On the other hand, your Intelligent Designer might have established a system governed by random variation and recursion. Then walked away.
Occam's razor does cut here. Rather than wonder how to invoke Intelligence and Design, observe the meaningless, random suffering and conclude the simplest explanation is one relying on meaningless, random, happenstance.
There are many known recursive systems that work just like that--they produce goalless complexity.
All without relying on the attention of a deus ex machina.
Posted by: Jeff Guinn at January 19, 2005 8:35 PMJeff:
You seem to get terribly hung up on this, as if anything designed by God would have to meet your personal definition of perfection. Maybe this is how a well-designed Creation has to work. (Note that you insist that recursion--which is a function of intelligent design--rules the world.) If you've not seen Eternal Sunshine of the Spotless Mind you should.

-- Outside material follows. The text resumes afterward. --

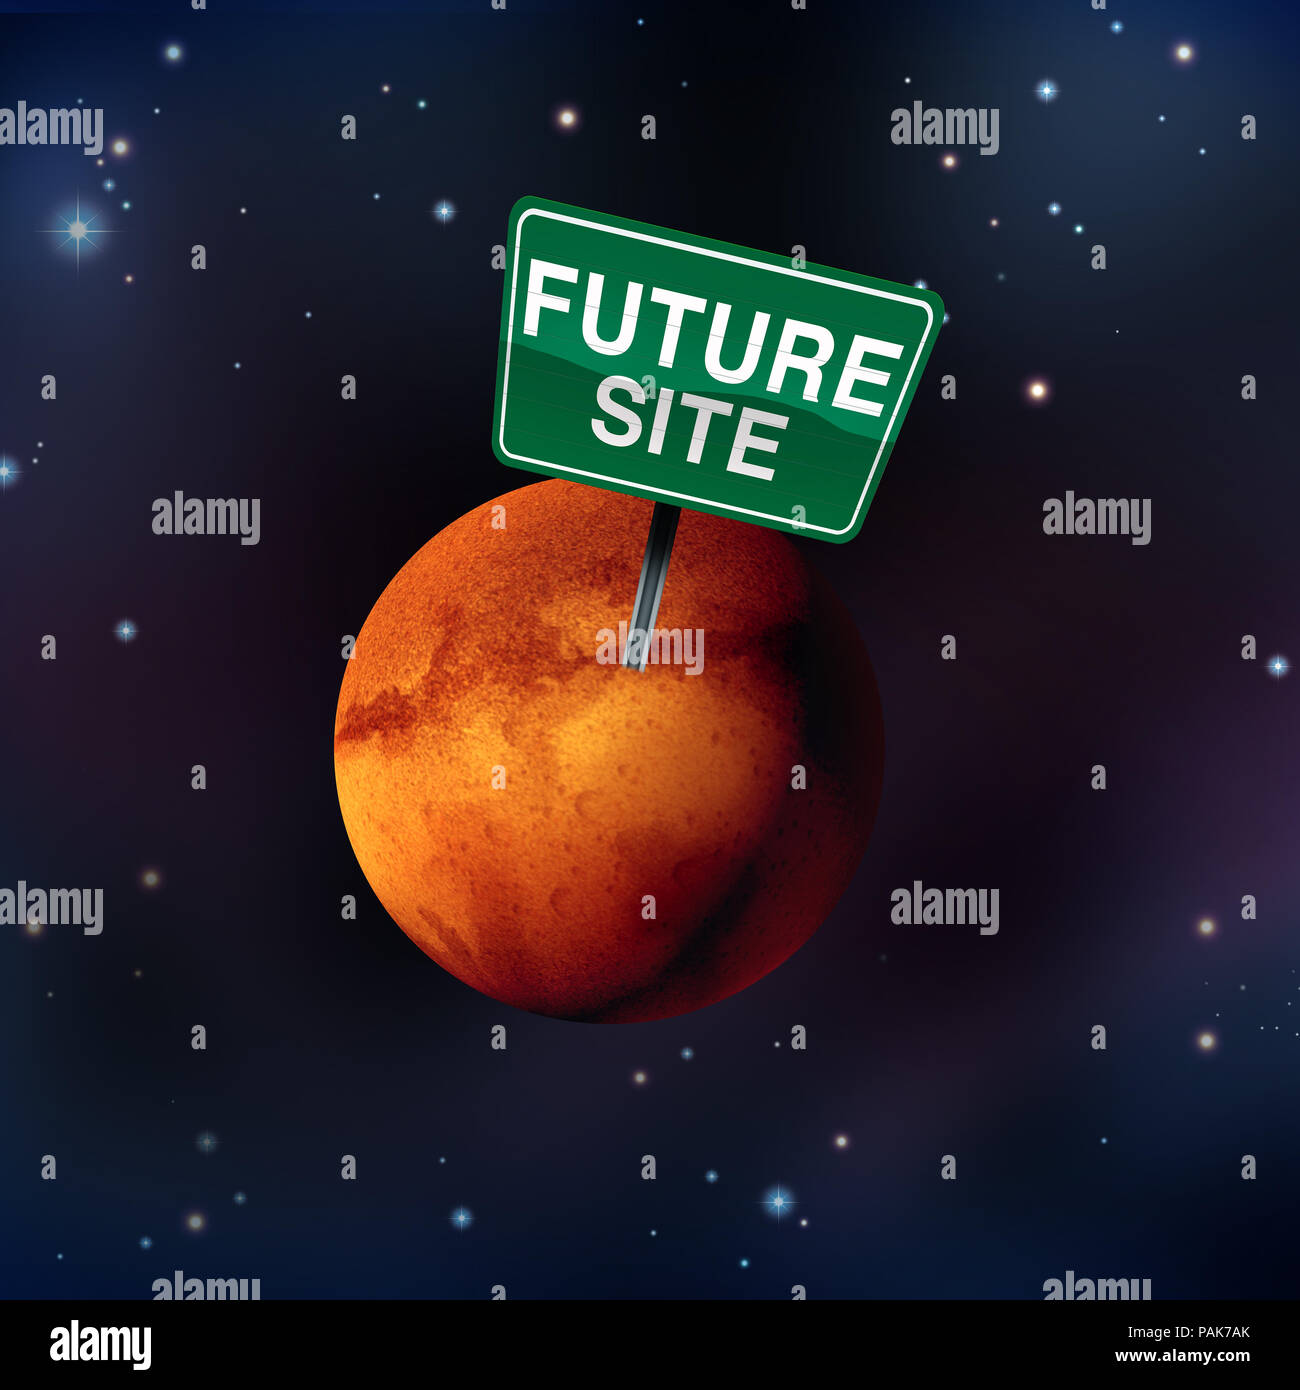 Leben auf dem Mars Konzept als zukünftige Mars Kolonie Website als Roter Planet Kolonisierung Astronomie Idee im Raum mit Sterne als 3D-Render. Stockfoto

Posted by: oj at January 19, 2005 11:11 PMOJ:
When the results are indistinguishable from happenstance, then willy-nilly invocations of Intelligence or Design seem singularly strained.
And answers like yours beside the point.
Posted by: Jeff Guinn at January 20, 2005 6:40 AMJeff:
Yes, it looks just like how intelligent beings, like us, design things.
Posted by: oj at January 20, 2005 9:11 AMWell, I'd design it differently, but I don't claim to be especially intelligent.
For example, I'd ask Robert how we protect each other from the impact of a smallish comet?
If I cared about having humans worship me (and I'm pretty sure I couldn't have cared less, me being god and all and them just, well, humans) in the long terrm, I think I'd have designed all-intelligent-life-on-Earth destroying planetary impacts out.
Posted by: Harry Eagar at January 20, 2005 2:08 PMHarry, you'd just be a bored "Q" then, and desire suicide over continued existance.
Posted by: Dave W. at January 20, 2005 3:30 PMComin' up, Orrin. Again.
Posted by: Harry Eagar at January 21, 2005 12:14 AMYet He makes them miss.
Posted by: oj at January 21, 2005 12:18 AMJeff:
First, you are just wrong about ectopic pregnancies. Simply google on "causes ectopic pregnancy" if you doubt that the majority of them are the result of human behavior. The rate of them has increased 5-fold in the U.S. since 1970 and if you believe this is just a 35-year long statistical blip, well, then I guess there is no point in discussing with you whether random chance or design is likely to have caused a particular statistical result.
Second, you *could be right. But your position is no more based on pure reason than mine. The philosophical issues have been settled for quite some time now on that matter.